Programs in Physics & Physical Chemistry
|[Licence| Download | New Version Template] aezo_v1_0.tar.gz(5591 Kbytes)|
|Manuscript Title: High performance computing aspects of a dimension independent semi-Lagrangian discontinuous Galerkin code|
|Authors: Lukas Einkemmer|
|Program title: sldg|
|Catalogue identifier: AEZO_v1_0|
Distribution format: tar.gz
|Journal reference: Comput. Phys. Commun. 202(2016)326|
|Programming language: C++03.|
|Computer: PC, HPC systems.|
|Operating system: POSIX compatible (extensively tested on various Linux systems). In fact only the timing class requires POSIX routines; all other parts of the program can be run on any system where a C++ compiler, Boost, and FFTW is available.|
|RAM: Megabytes to Terabytes (depending on the problem size)|
|Keywords: Advection equations, High dimensional problems, C++, MPI, OpenMP, Vlasov solver.|
|PACS: 02.60.Lj, 02.60.-x, 52.65.-y.|
|Classification: 6.5, 4.3, 19.8.|
External routines: Boost, FFTW
Nature of problem:
An approximate solution of the advection equation is computed using the semi-Lagrangian discontinuous Galerkin method. This procedure is used as the fundamental building block in a splitting based Vlasov solver.

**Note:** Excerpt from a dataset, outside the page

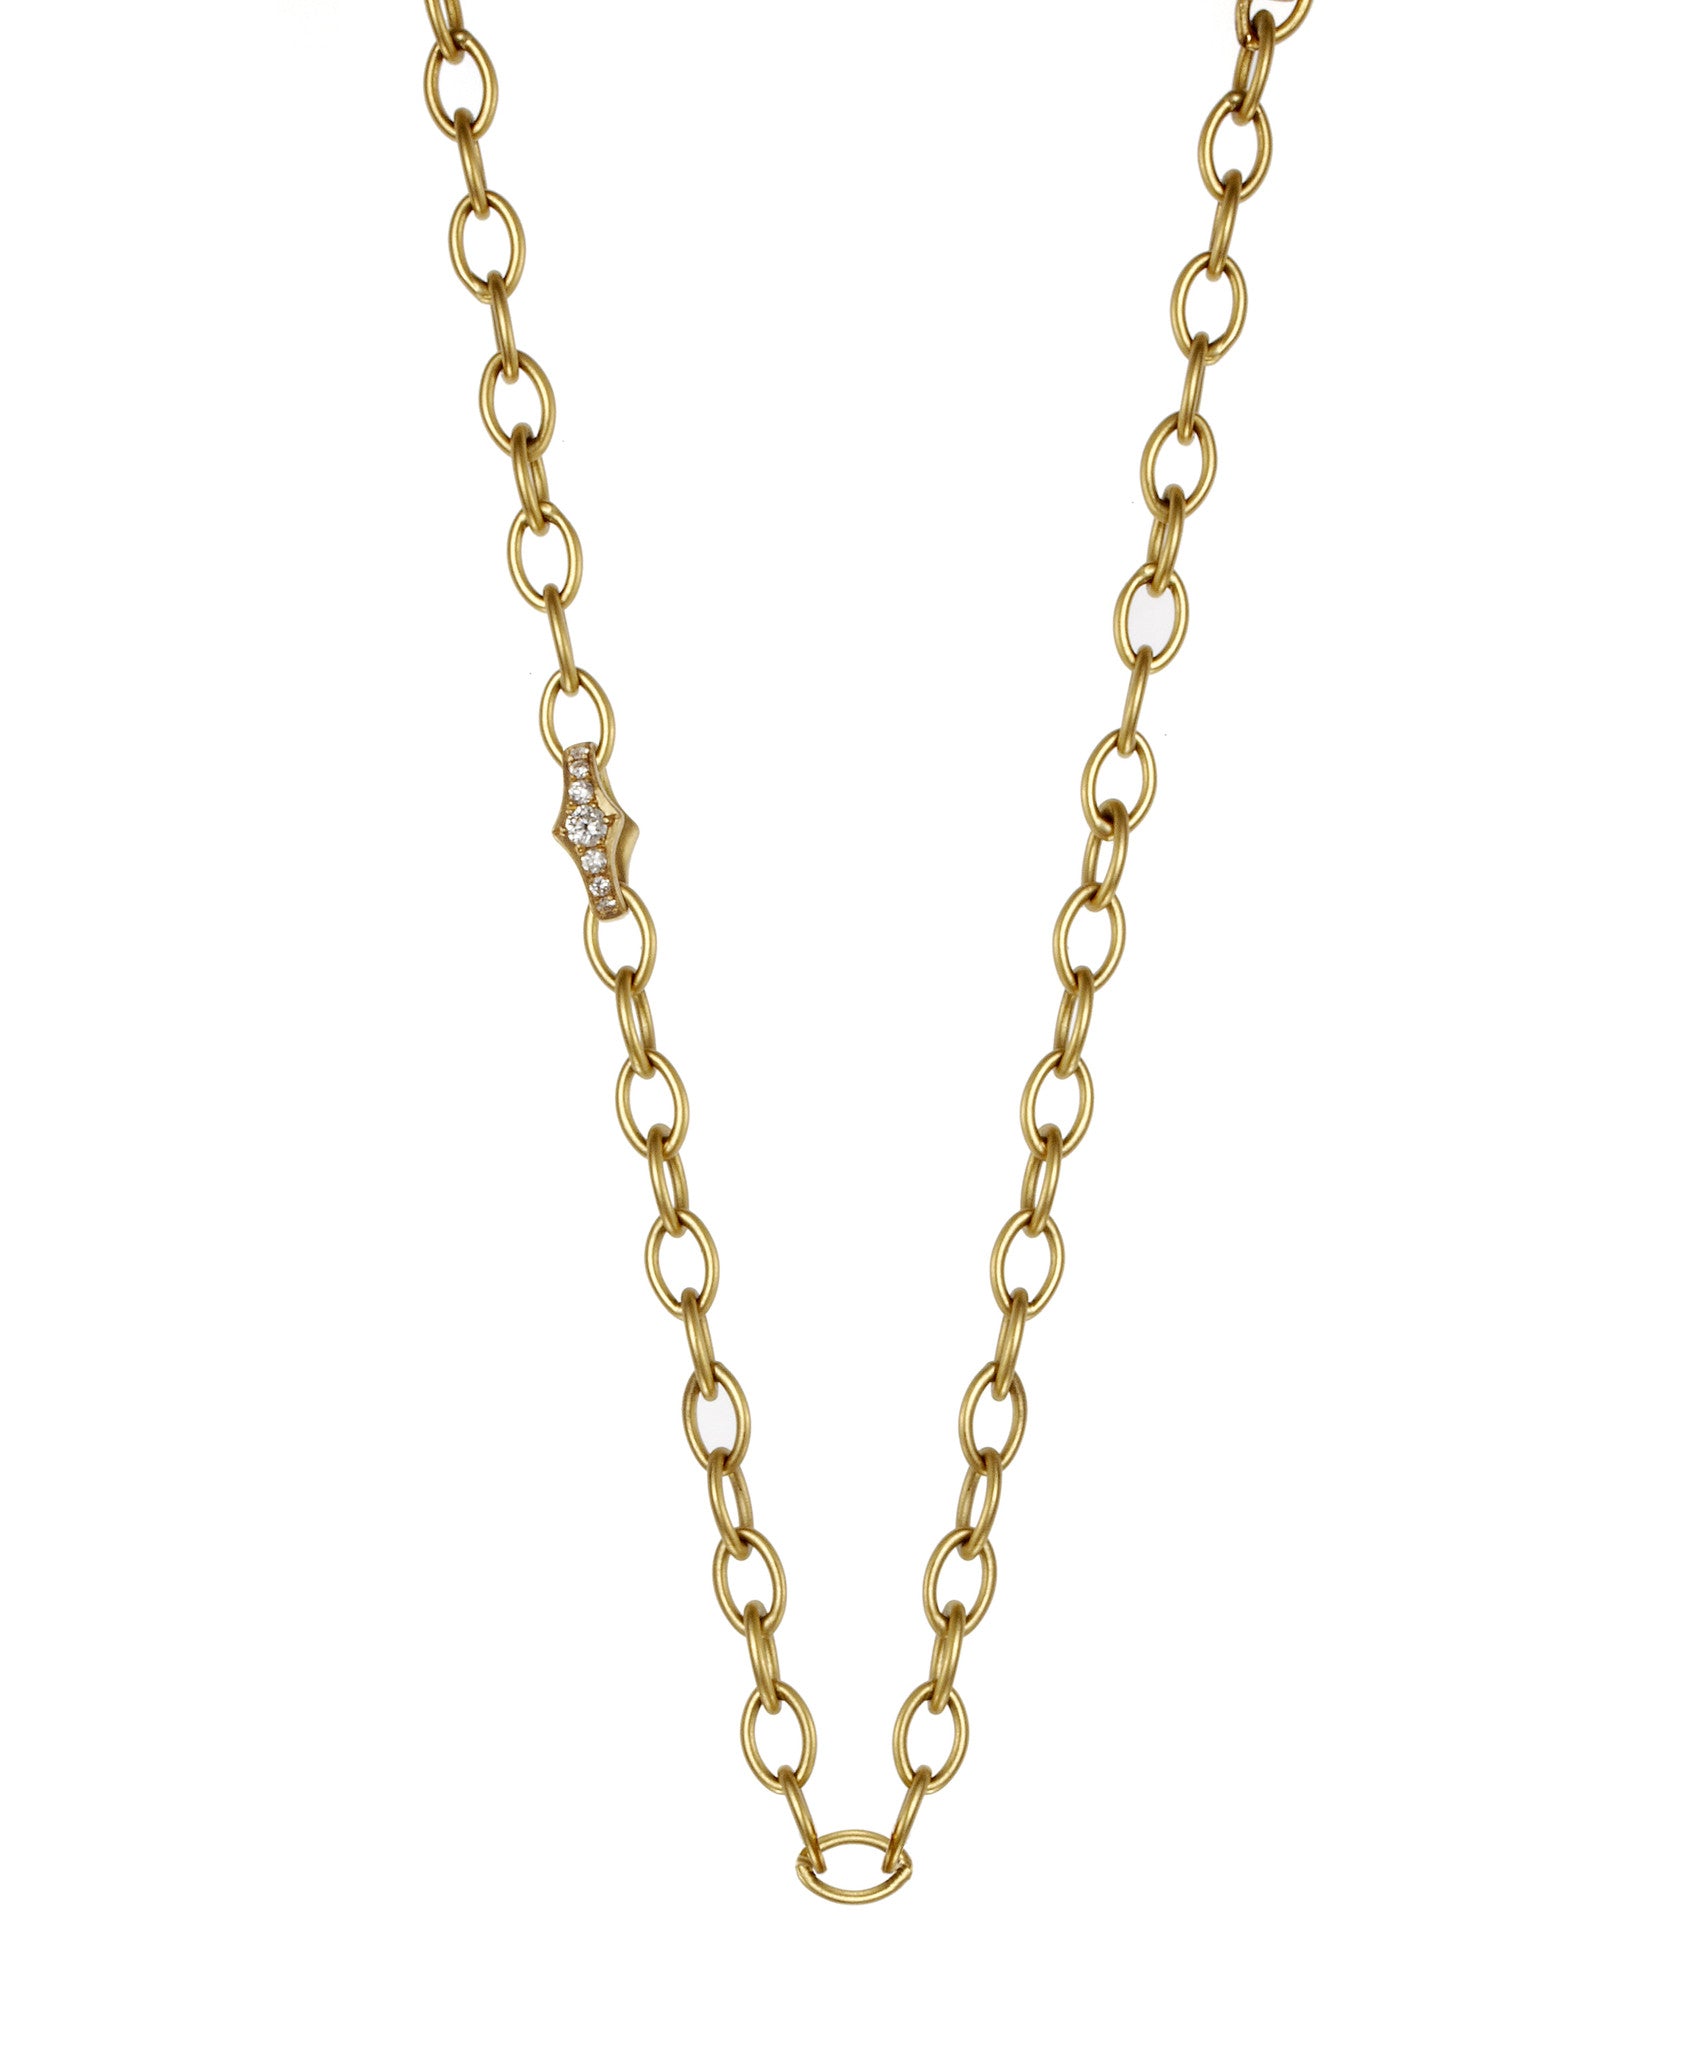 Oval Link Necklace with Pavé Link Motifs - Anahita Jewelry

The semi-Lagrangian discontinuous Galerkin approach is employed. For the Vlasov-Poisson problem we, in addition, use a splitting approach in time and the FFT to solve Poisson's equation.
We assume that the hyperbolic part of the problem under consideration can be (for example, using a splitting approach) decomposed into a sequence of one-dimensional advections.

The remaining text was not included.